Which is why the decision to leave Singapore during the “Stabilisation Phase” should have been an easy one. I had seen all there is to see here on the Little Red Dot. Been to all the places, and interviewed people I wouldn’t have otherwise gotten the chance to meet. 

What did I learn from my Singapore experience? What did it mean in the end? What grand,  sweeping, plagiaristic statement could I make about my time here?

With my departure imminent, I went on one last bike ride through Sungei Kadut to find out.

1. The ulu-ness of Sungei Kadut 

Sungei Kadut is the last place left on main island Singapore that I’d never set foot on. 

Since joining RICE and moving to Singapore in March 2020, two weeks before the circuit breaker, I’ve covered everything from work culture to fungal culture. In my boredom, I stayed overnight at Kranji and walked 12 KM to Tuas. Unwittingly, I’ve written a novel about this city, and am finally on the cusp of running out of things to say. By cycling to the furthest point in Sungei Kadut, with Malaysia just across the water, I may have finally reached my limit. 
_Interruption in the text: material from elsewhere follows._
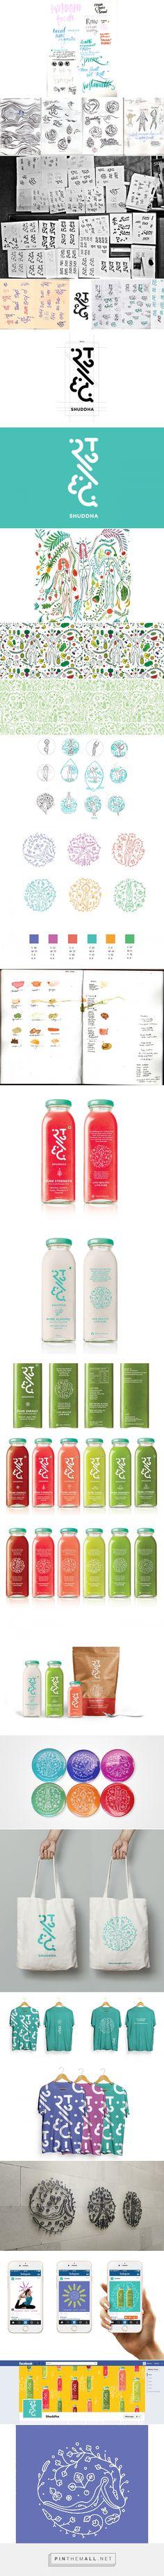 Branding for Shuddha on Behance- https://www.behance.net/gallery/32217867/Branding-for-Shuddha - created via https://pinthemall.net
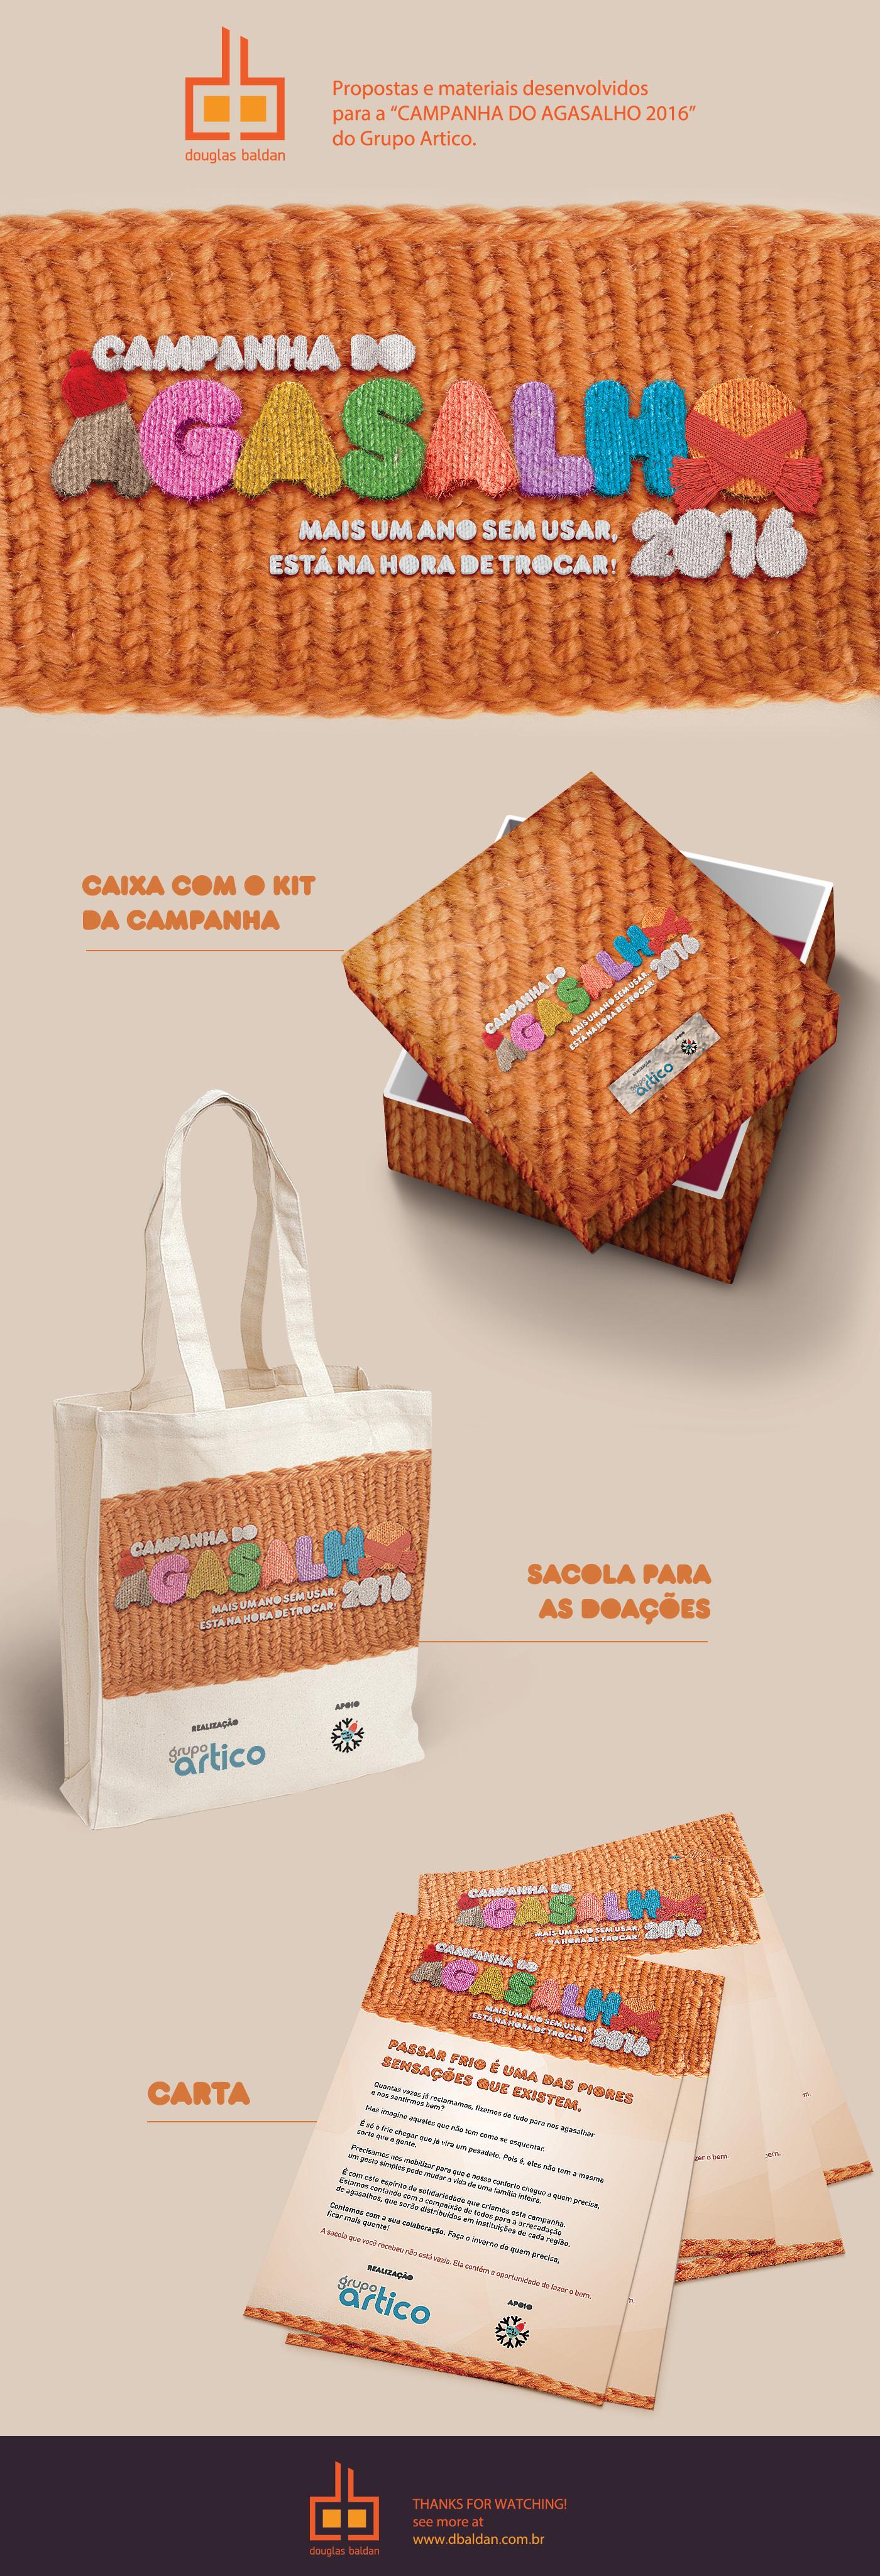 campanha-agasalho-artico

Feline is my photographer for the trip. Being on different teams, we had never worked together before, but I’d long admired her methodical approach to her work. In any case, this girl is not so simple. I can never tell what she’s thinking at any given moment. She mulls things over for a full five seconds longer than the average person before she speaks. 

“Methodical,” she says, as if measuring that word.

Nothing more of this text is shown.